Image reconstruction is very much concerned with the ability to reproduce image of possibly the same quality as original. This paper presents the comparison of Zernike Moment (ZM) and Discrete Cosine Transform (DCT) for image reconstruction in noise environment. Two types of images used are gray scale and binary. The original images are corrupted with three different noises that are Salt and Pepper, Gaussian and Random. Both original and corrupted images are reconstructed using Inverse Zernike Moment and Inverse Discrete Cosine Transform. The performance of each algorithm is measured by evaluating Peak Signal to Noise Ratio (PSNR) for the reconstructed gray scale of pixel size 64×64 and binary of pixel size 30×30 images.
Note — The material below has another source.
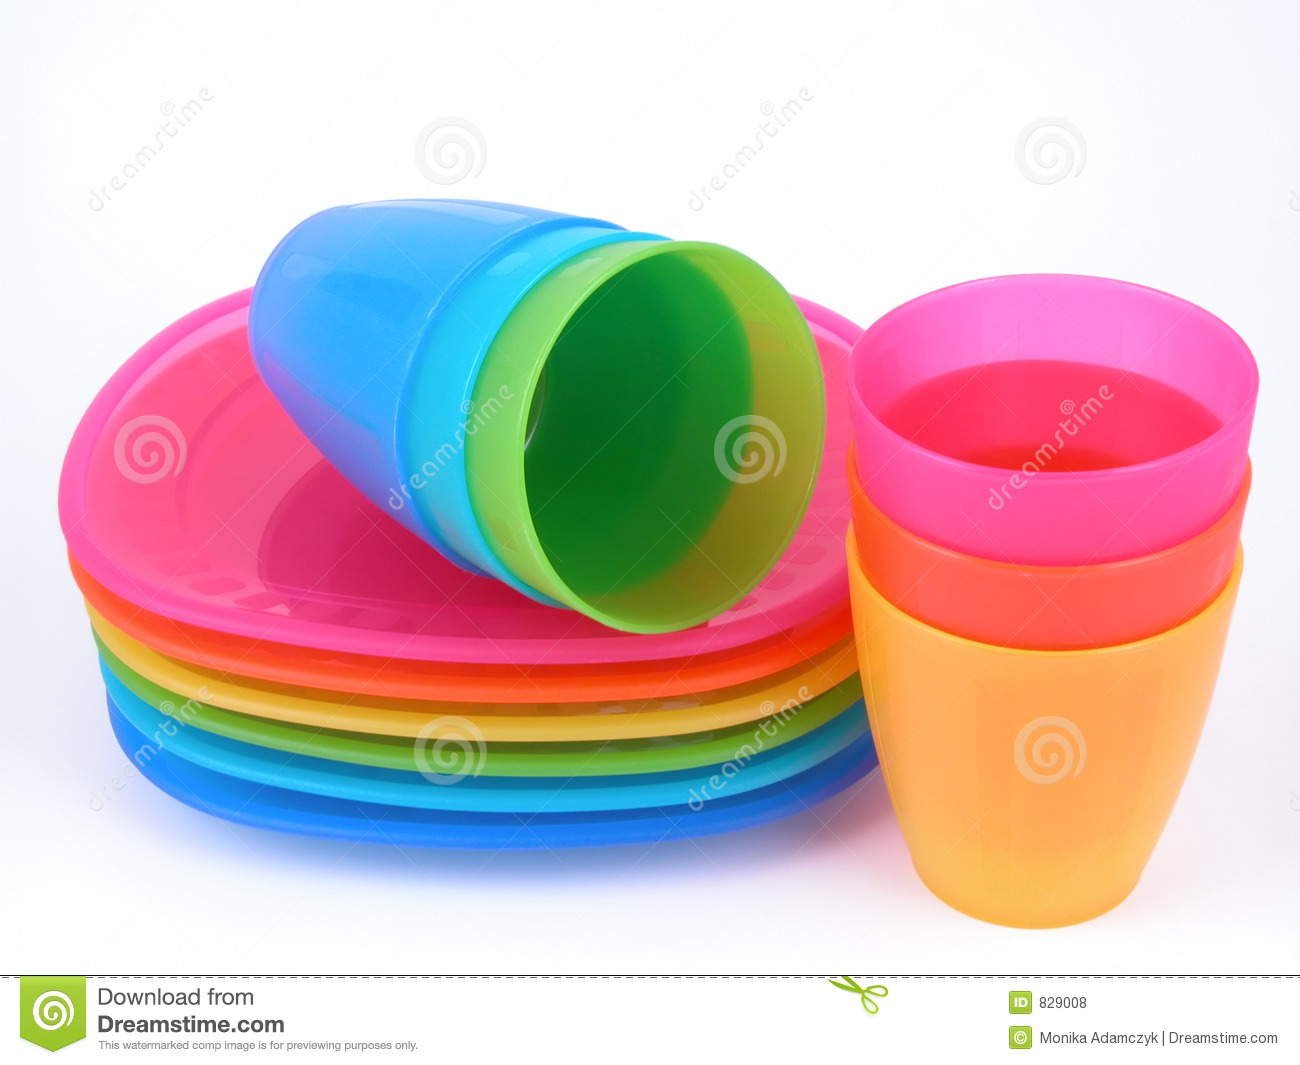 Plastic Cups And Plates Royalty Free Stock Photos   Image  829008

The comparison of PSNR values between the two techniques proves that Zernike Moment is less sensitive to noisy images compared to Discrete Cosine Transform.
用泽尼克矩和离散余弦变换重建图像的比较
图像重建非常关注再现图像的能力,可能与原始图像的质量相同。本文比较了泽尼克矩(ZM)和离散余弦变换(DCT)在噪声环境下图像重建中的应用。所使用的两种图像是灰度图像和二值图像。原始图像被三种不同的噪声所破坏,即盐和胡椒噪声、高斯噪声和随机噪声。利用逆泽尼克矩和逆离散余弦变换对原始图像和损坏图像进行重构。通过评估像素大小64×64和像素大小30×30图像的二值重建灰度的峰值信噪比(PSNR)来衡量每种算法的性能。两种方法的PSNR值比较表明,与离散余弦变换相比,泽尼克矩对噪声图像的敏感性较低。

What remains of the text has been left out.